Offen geblieben seien bisher noch Entscheidungen über Angelegenheiten, die sich mit Kosten von sechs bis sieben Millionen Euro auswirken könnten, sagte Finanzbürgermeister Michael Föll. Davon abgesehen sei nach dem bisherigen Stand im Jahr 2012 ein Kreditbedarf von 65,5 Millionen Euro absehbar, im Jahr 2013 ein Bedarf von 214,6 Millionen. Mit der Summe von 280,1 Millionen liege man ganz knapp unter der zulässigen Obergrenze. Bei einem Vorgespräch am Mittwoch habe das Regierungspräsidium Stuttgart signalisiert, dass der Etat so wohl genehmigungsfähig wäre - wenn die zuletzt gefundene Linie gehalten werde. Bei der Aufsichtsbehörde gebe es aber eine gewisse Besorgnis über die Finanzkraft der Landeshauptstadt. Mit dem Volumen an Ausgaben, die vor der Dritten Lesung absehbar seien, bewege man sich an der "äußersten Grenze des Vertretbaren", urteilte Föll. Dies nicht nur im Hinblick auf die formalen Anforderungen, sondern auch mit Blick darauf, dass die Stadt sich nicht letzter Handlungsmöglichkeiten in der Zukunft berauben dürfe.

OB Wolfgang Schuster stellte klar, dass voraussichtlich "alles andere als ein Sparhaushalt" verabschiedet werde.
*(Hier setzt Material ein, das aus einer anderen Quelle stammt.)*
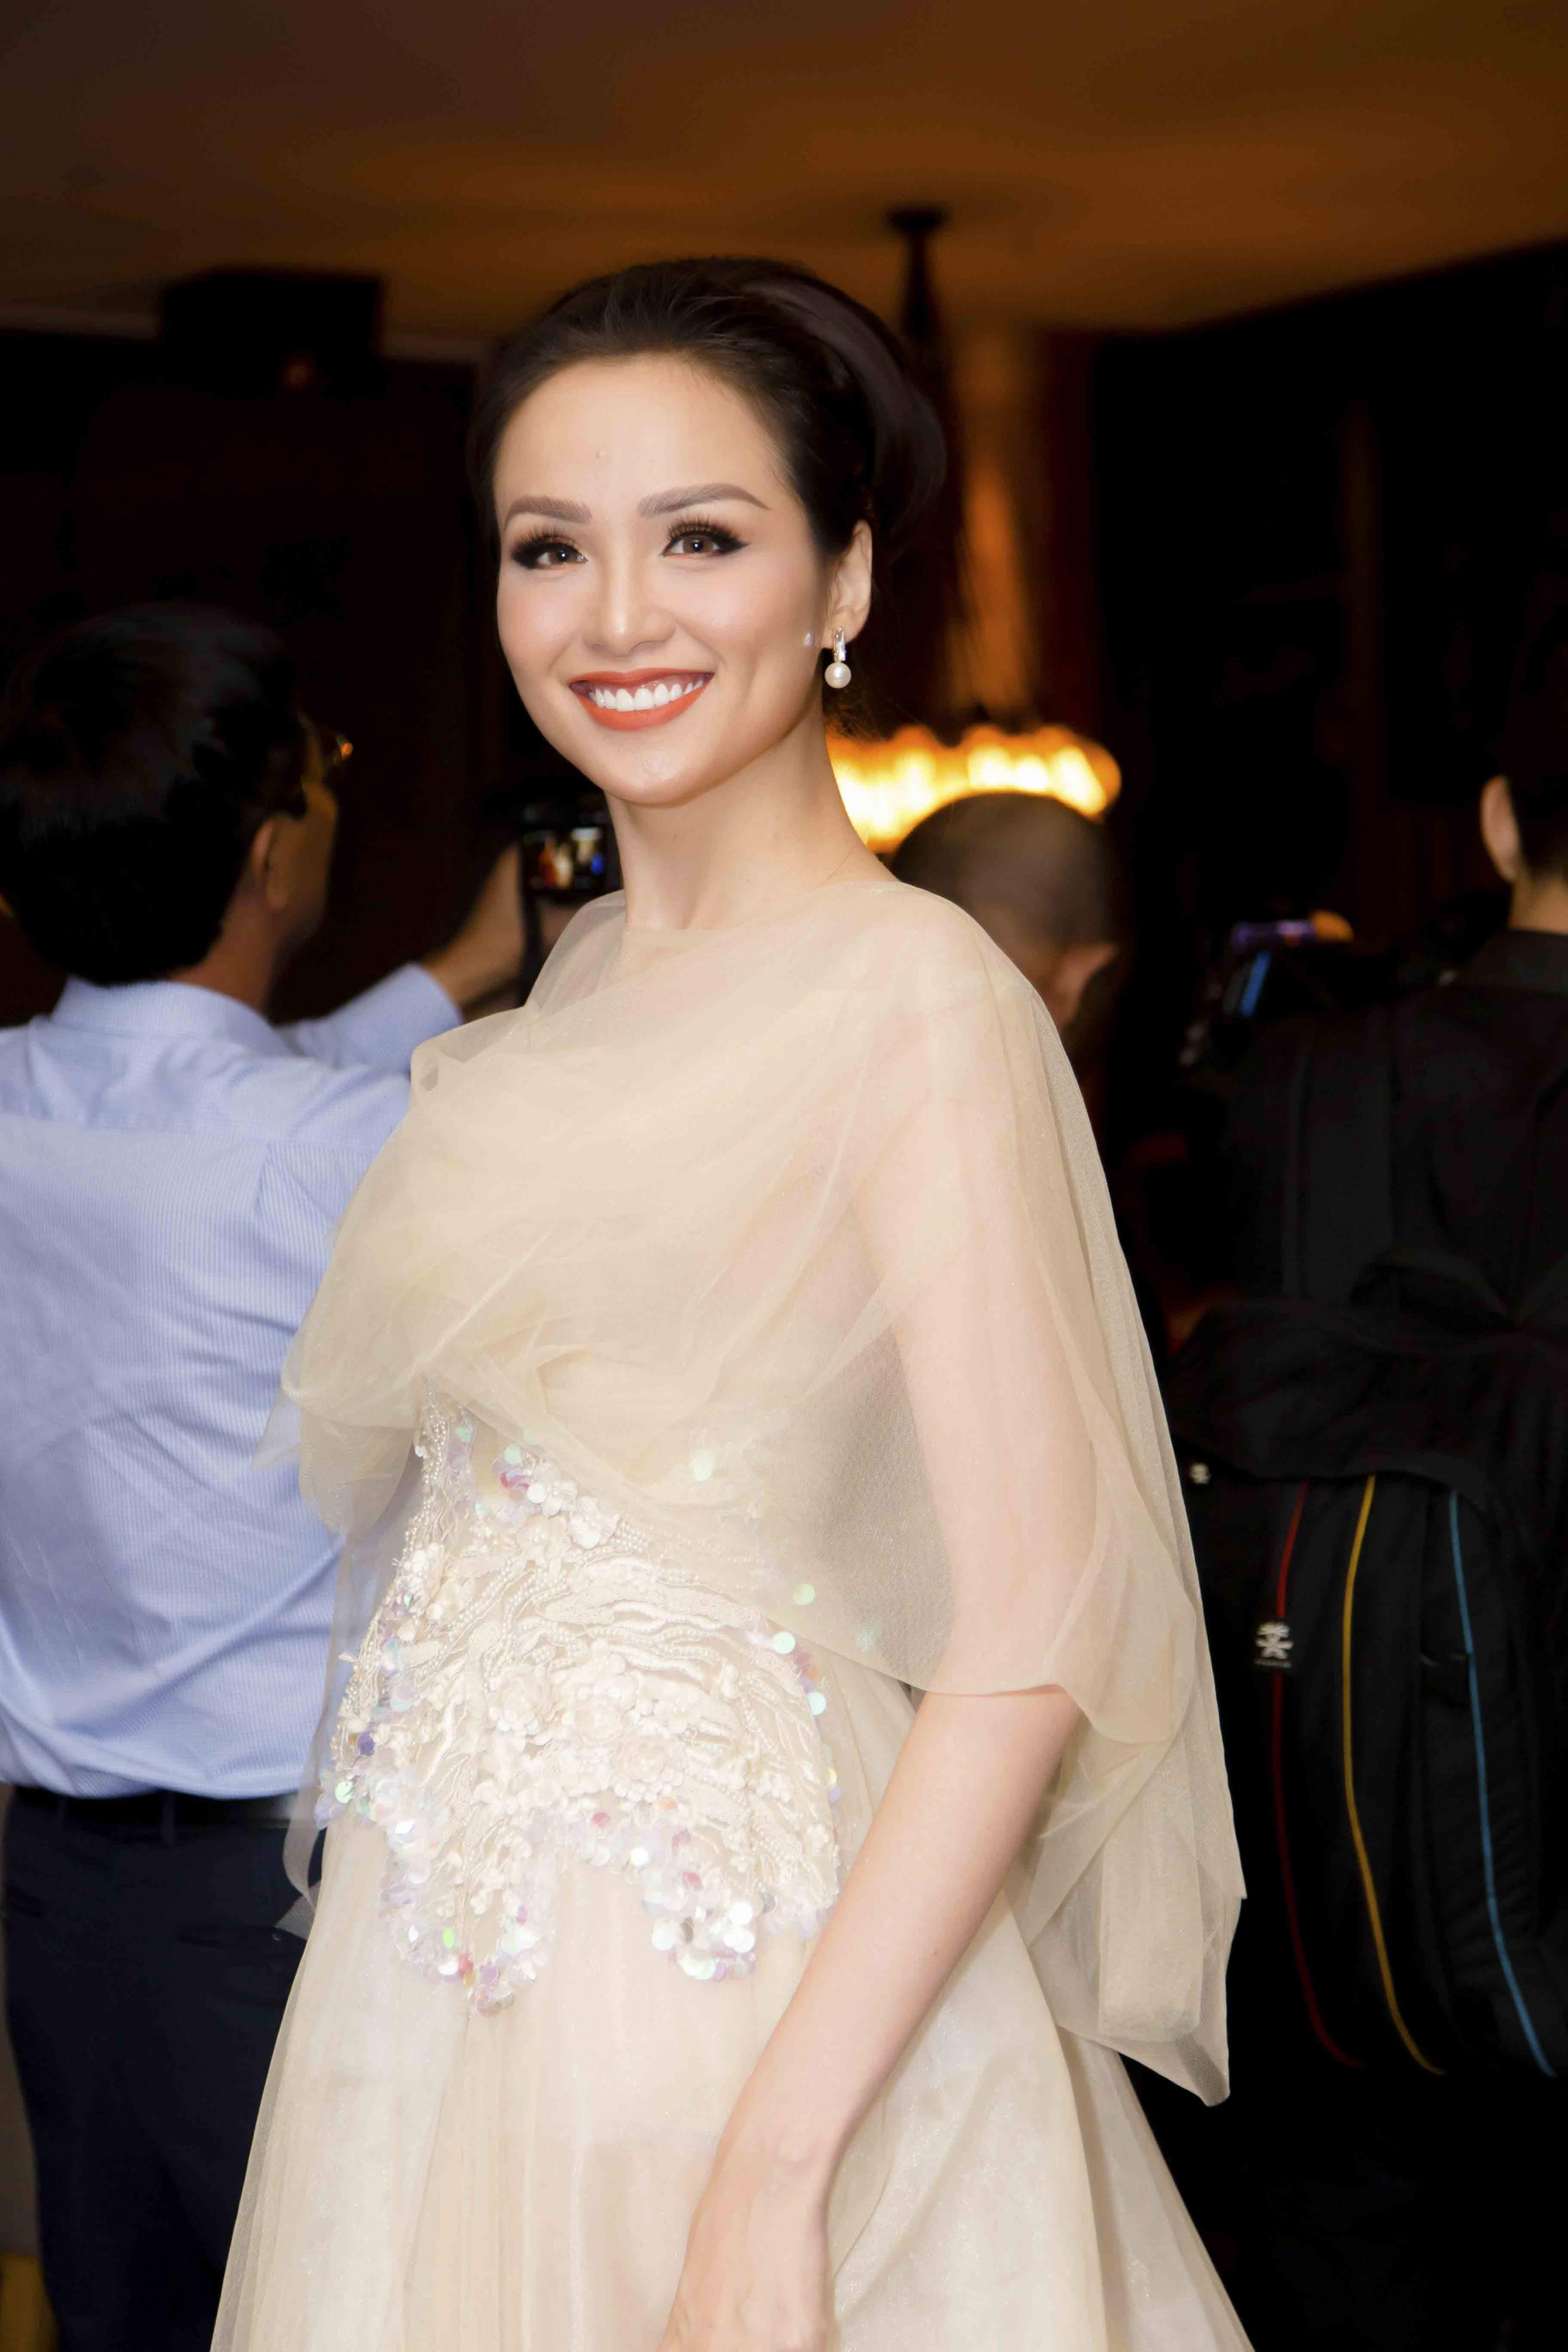 Trong khi đó, Hoa hậu Diễm Hương chọn chiếc đầm voan nhẹ nhàng, tinh tế, tôn được vẻ đẹp yêu kiều, rạng rỡ

Bei der Zweiten Lesung habe man nicht etwa den früheren Haushalt zusammengestrichen, sondern nur einen Teil dessen zurückgenommen, was man sich bei der Ersten Lesung im November vorgenommen hatte. Was jetzt vorliege, bedeute immer noch eine massive zusätzliche Investition in Kinder und Jugendliche, vor allem zugunsten ihrer Bildung. Dass künftige Generationen mit Schulden belastet würden, schmerze ihn.

Auch von den Wunschlisten für zusätzliche Ausgaben für Kultur und Soziales sei rund die Hälfte erfüllt worden, sagte Verwaltungsbürgermeister Werner Wölfle.